**What you will do**
Please repeat exactly the lines below from the line with "Pantone年度代表色近8年" to the line with "DC Men's Trase", including both, and leave out every picture.

**Record excerpts**
● ● ● ● ● ● ●

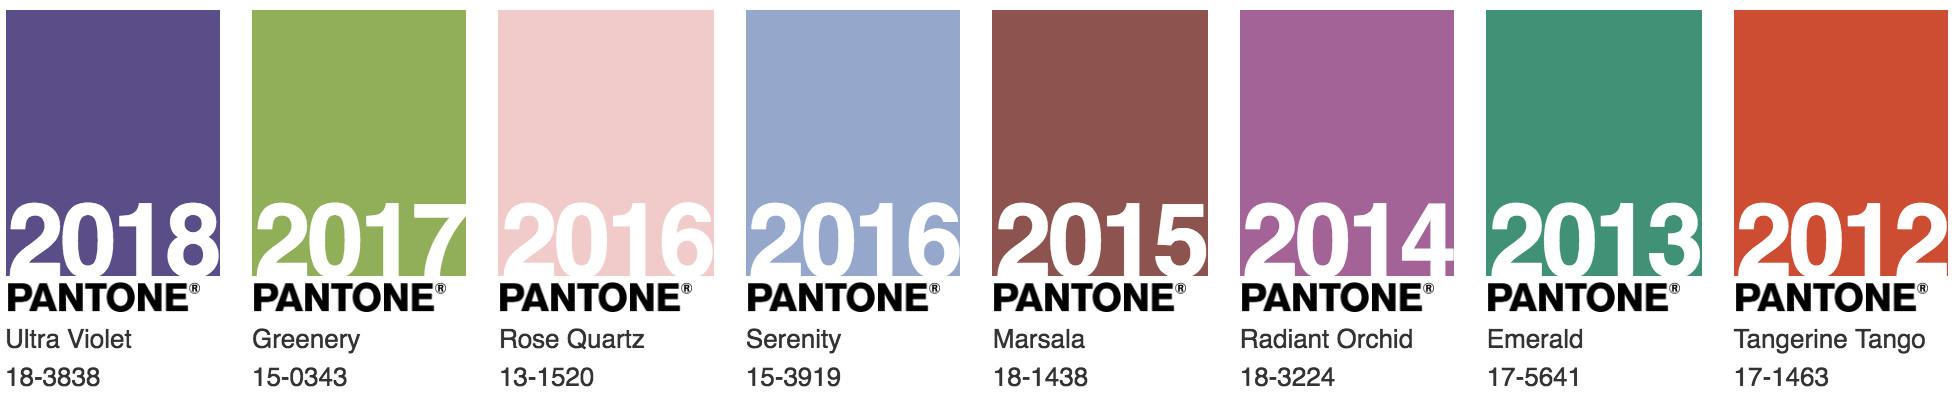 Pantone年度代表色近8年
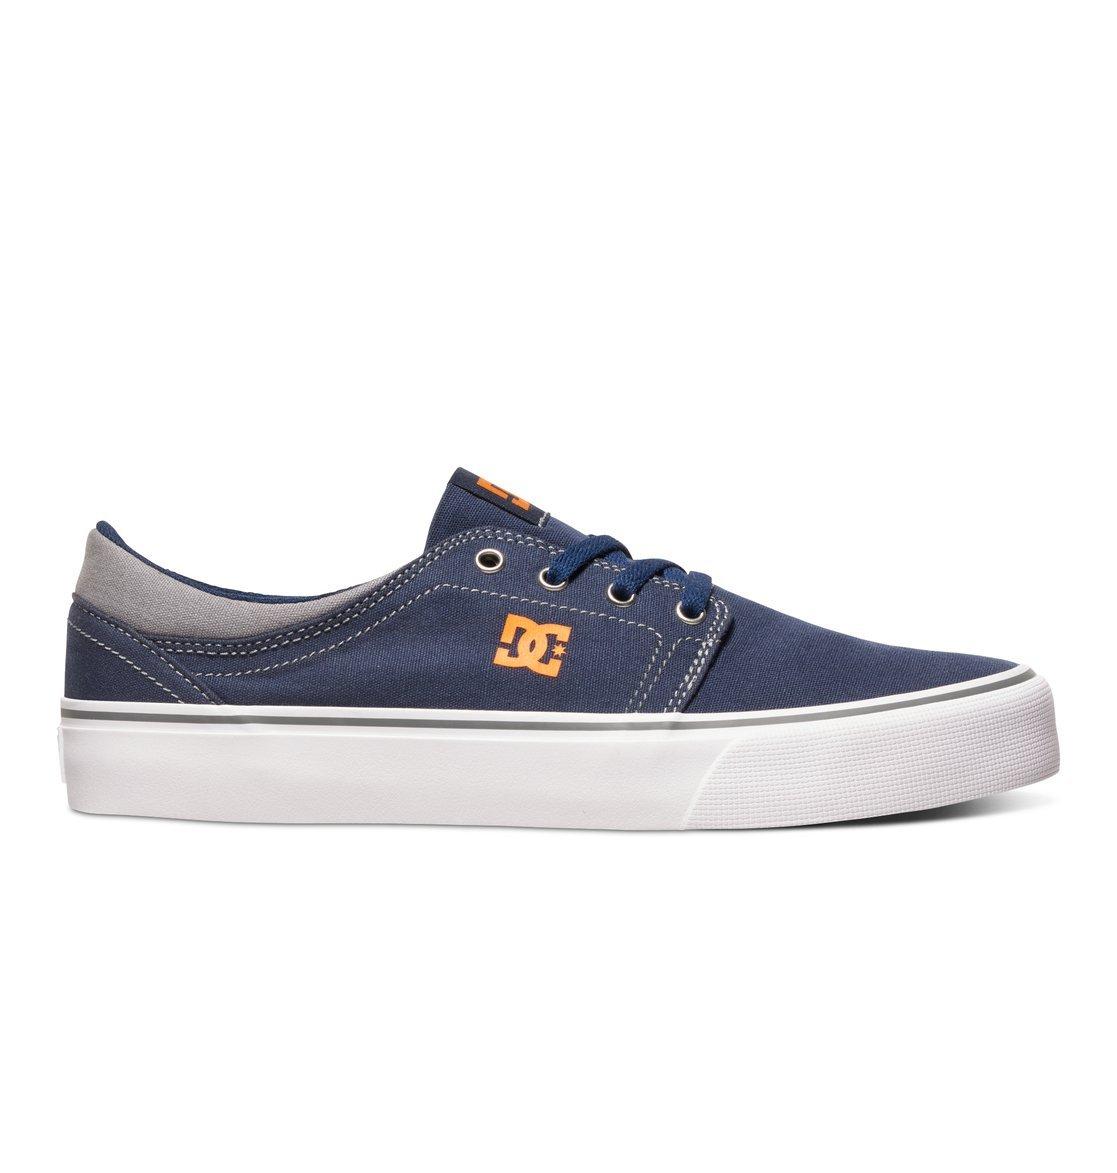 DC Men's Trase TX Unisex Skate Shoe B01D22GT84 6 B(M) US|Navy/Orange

● ● ● ● ● ● ●

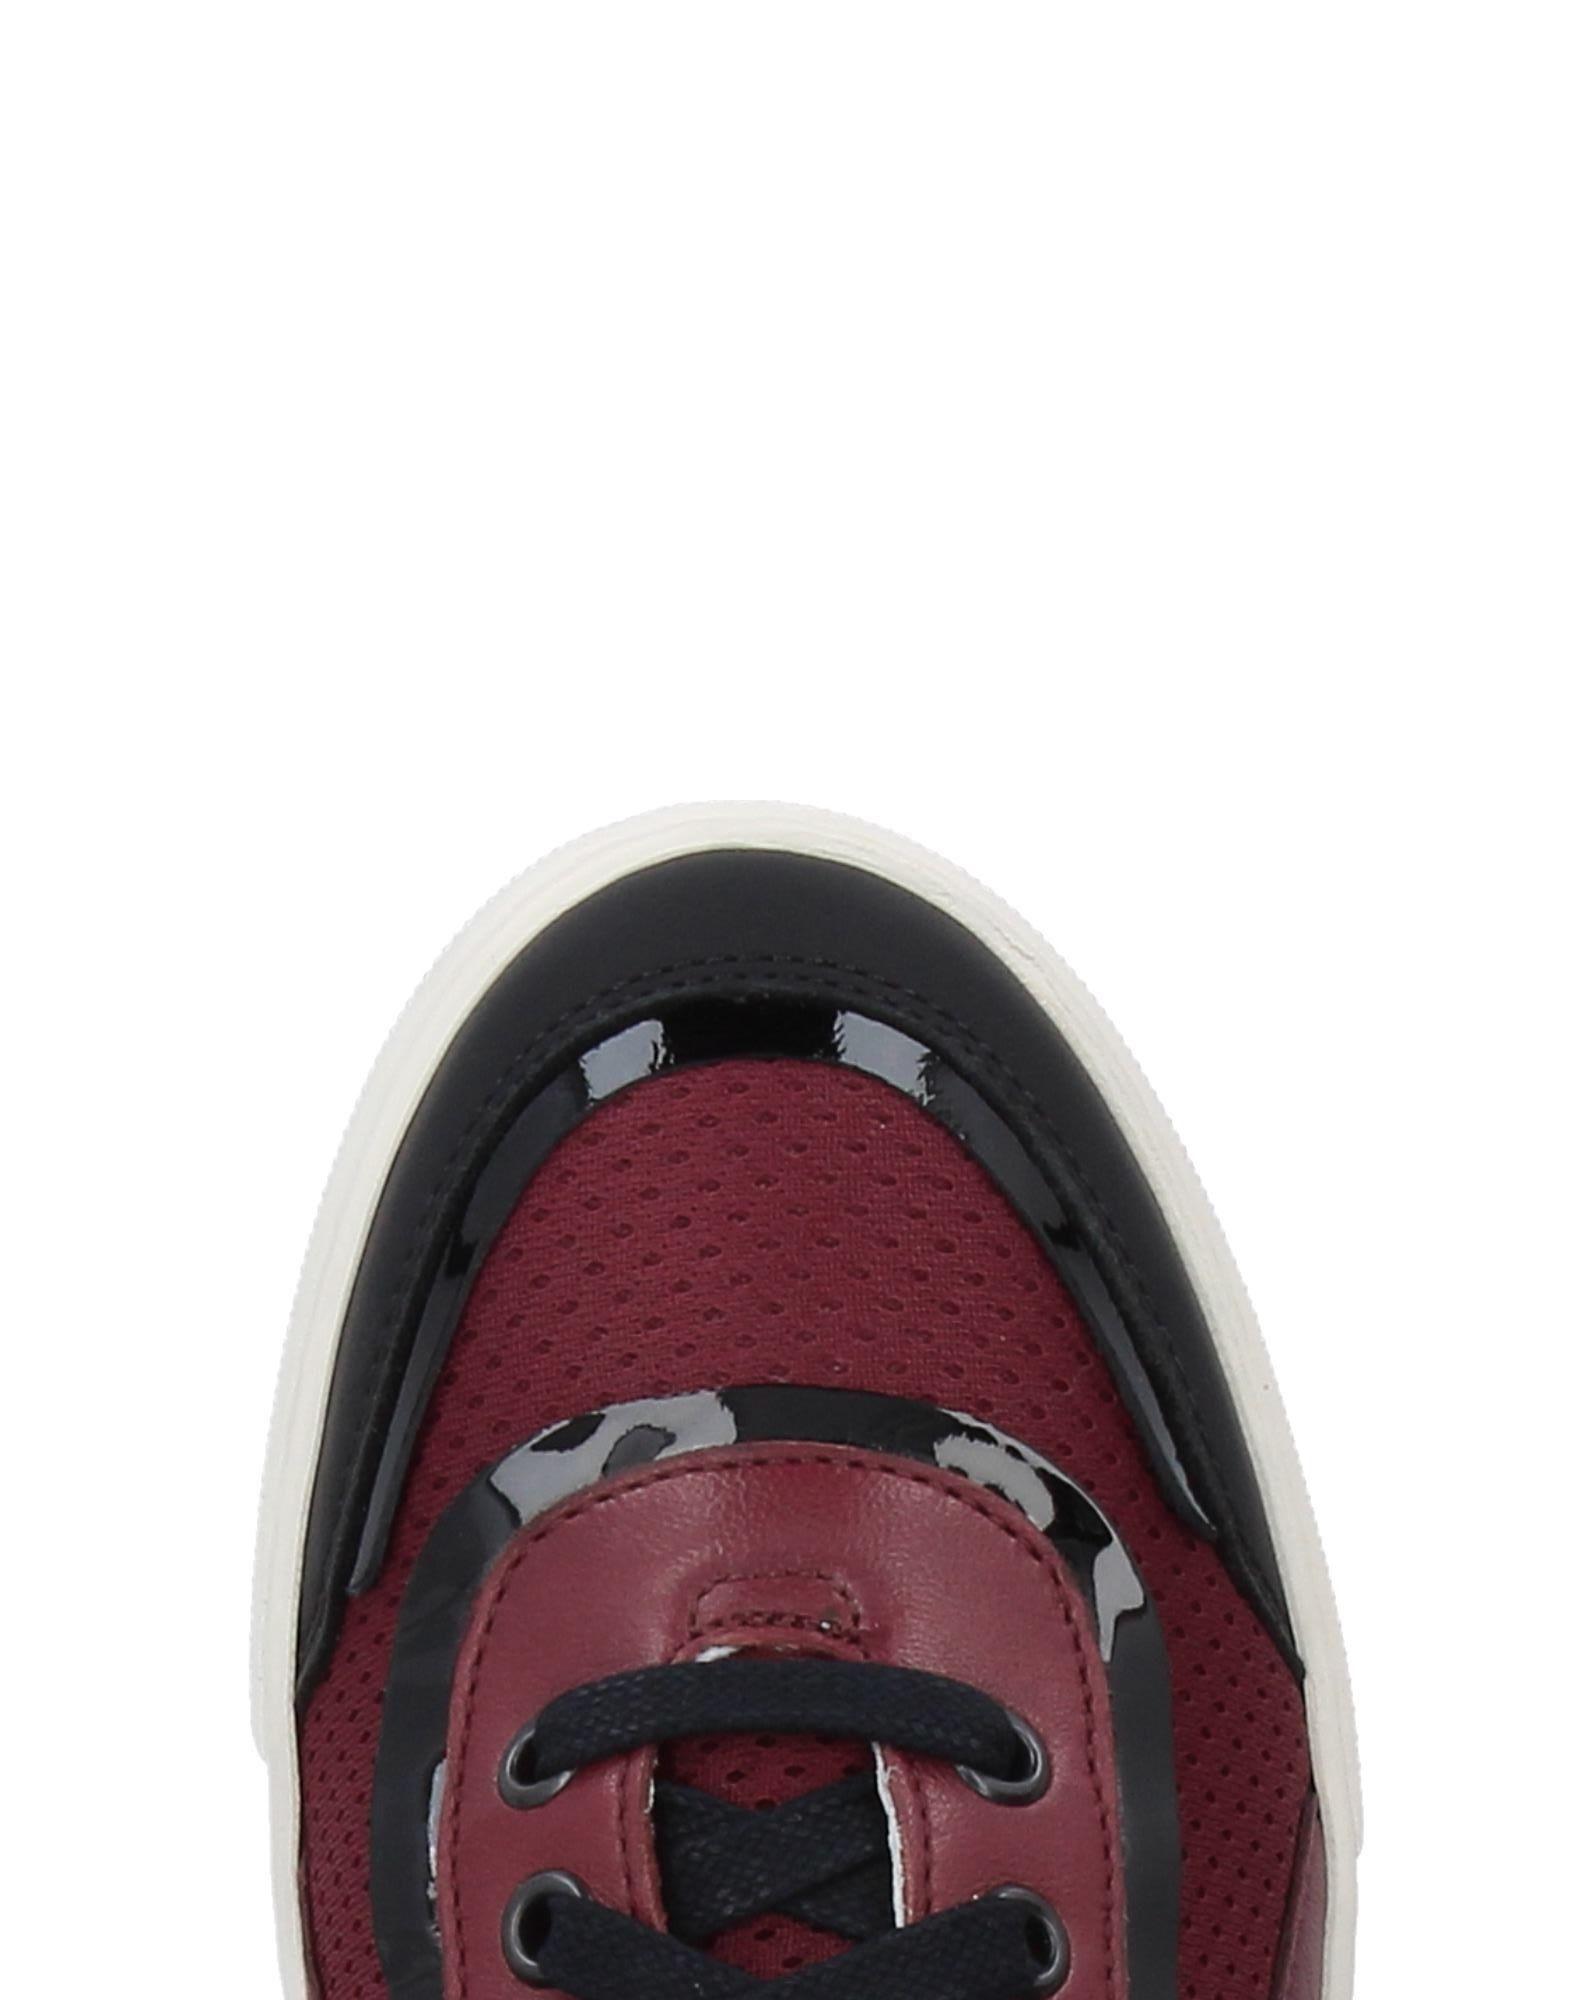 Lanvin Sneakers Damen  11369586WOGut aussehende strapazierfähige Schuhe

● ● ● ● ● ● ●

**Task result**
 Pantone年度代表色近8年
 DC Men's Trase TX Unisex Skate Shoe B01D22GT84 6 B(M) US|Navy/Orange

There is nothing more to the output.